A Conversation for The Alternative Writing Workshop

A37023121 - Platform 19

Post 1

Doctor_X_42

Entry: Platform 19 - A37023121
Author: Doctor_X_42 - U12248997

This is the first half of an English class short-fiction assignment gone awry. Erm, it's still in more or less first-draft form, so it's not exactly polished...


A37023121 - Platform 19

Post 2

minorvogonpoet

If this is your first posting on the AWW, welcome! I hope we don't frighten you off! We're not really fierce smiley - monster

There's lots of good use of language in this story: detailed descriptions and dramatic action. And it builds up satisfactorily to a climax smiley - smiley

But you might like to think about the following suggestions:
* Start straight away with Michael in the cantina and fill in description of Platform 19 later.
*I'm not sure how long your assignment is meant to be, but we're great believers in cutting things here. If something doesn't contribute to plot or atmosphere, leave it out.
* think a bit more about your characters. Michael is fairly clear: a young man with little self confidence, but what about Liz? Other characters, such as Morrison need to be dfferentiated from each other.
* It is not clear how the sections where Michael dreams about his family and Jimmy fit in.
* Space it out a bit. In particular, it is usual to give each new person who speaks a new line.
* The fight between Michael and his co-workers gets a bit confusing. This is where some strong characterisation should help with who's doing what and why.


A37023121 - Platform 19

Post 3

Dmitri Gheorgheni, Post Editor

And...I will proceed to be fierce. smiley - pirate In a good cause, I hope, because I love good science fiction.smiley - smiley And hope people write more of it.

Basically, if this hadn't been put here for us to help with, I would not have read it. The first paragraph really put me off, because it reads like a pastiche of rather well-known work.

But MVP is right - there's some flair here, some good phrasing (if rather too much of it, and too densely-packed)...so...

Some thoughts:

'space station object' - leave out 'object'. Either it is a space station, or it isn't. (Mark Twain said, 'Use the word. Not its second cousin.')

'small, abandoned, dull green planet' - Sounds like the cliche it is.

'a universal guilded age...' - you're attempting to get the reader to do all the work by assuming a whole backstory you haven't written. Stop this. Figure out what is necessary here, and throw out the rest.

The description of the station is too long, and very dull.

There are *way* too many characters. Don't tell us about these people. *Show* us a few, let the rest be extras. Pretend you're writing to get the point across before the next car commercial comes on.

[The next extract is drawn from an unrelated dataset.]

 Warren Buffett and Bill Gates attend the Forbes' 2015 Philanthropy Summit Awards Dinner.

Descriptions like 'large, roughly square room' don't add to the story. Stick to the details that draw the eye and are needed.

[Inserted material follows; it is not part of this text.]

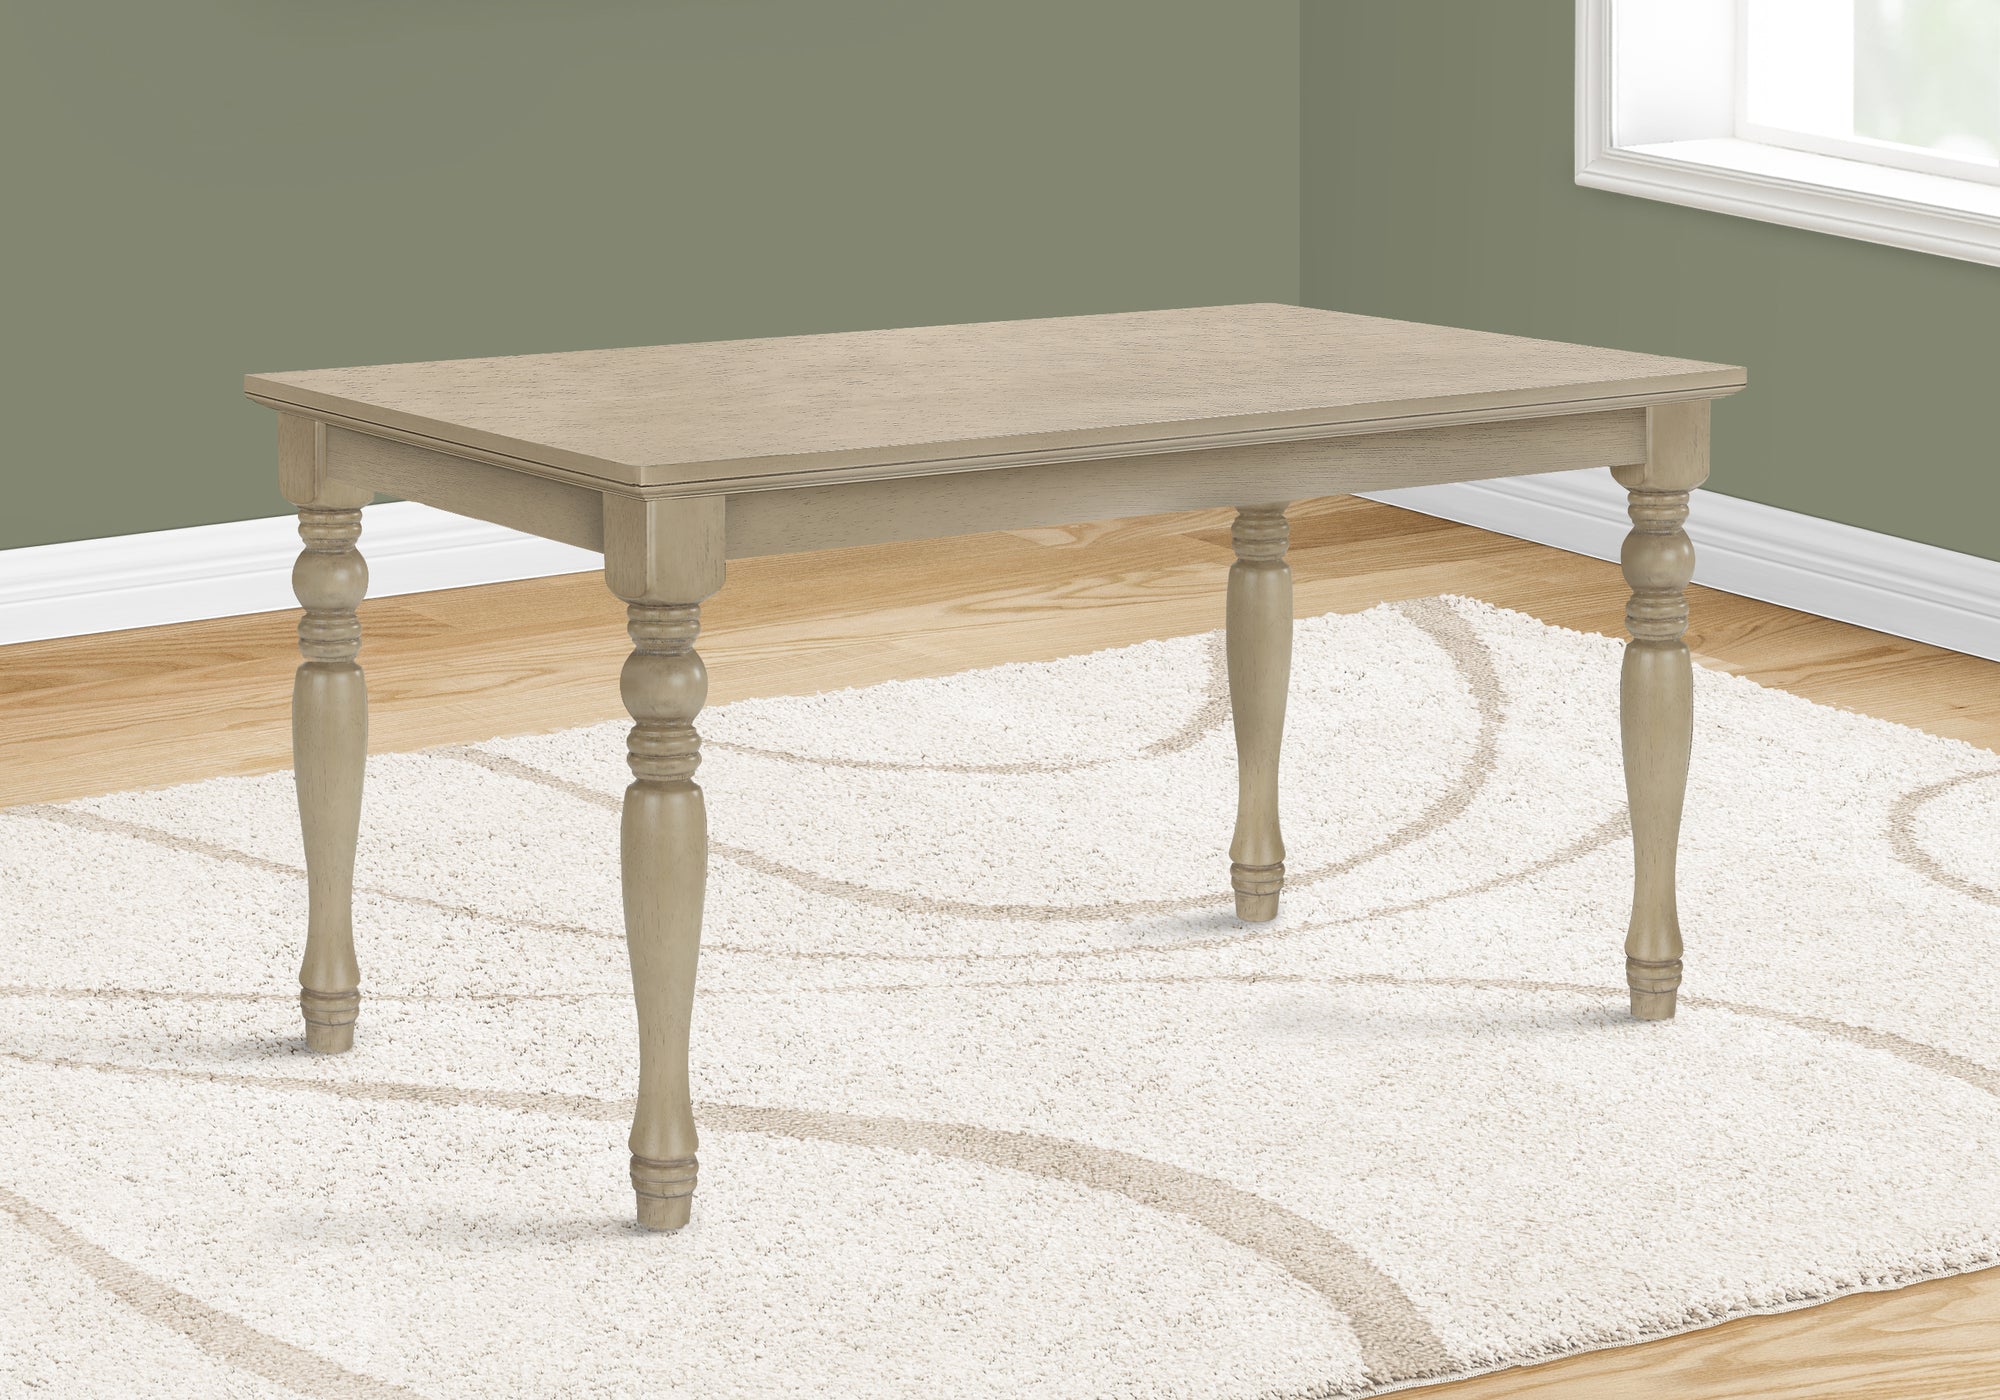 MN-391390    Dining Table, 60" Rectangular, Veneer Top, Solid Wood Legs, Dining Room, Kitchen, Antique Grey Veneer, Wood Legs, Transitional

The word 'maroon' appears far too many times. There is such a thing as too much description.

The basic problem with this story is threefold:

1. It is apparently meant to be part of a longer story, and doesn't really stand alone.

2. We have no reason for being interested in these people. Somebody's got to be outstanding, or have an unusual problem, or more or less promise, cross his heart and hope to die, to show us one of the questions for which 42 is the answer before we will make it through here.

3. At the end of the page, we don't know why we've been on this space station, other than the violence. What were we supposed to get from this?

Summary: As my favourite editor (frequently) says, Take a chainsaw to this.

Find the plot. And make sure the reader can find it.

The creepiness is there, the claustrophobia of life in space, the paranoia...

Bring it out in a clear plotline, and characters whose decisions are clear to the reader.smiley - smiley

I will stop being fierce now, and thank you for sharing part of your writing process with us.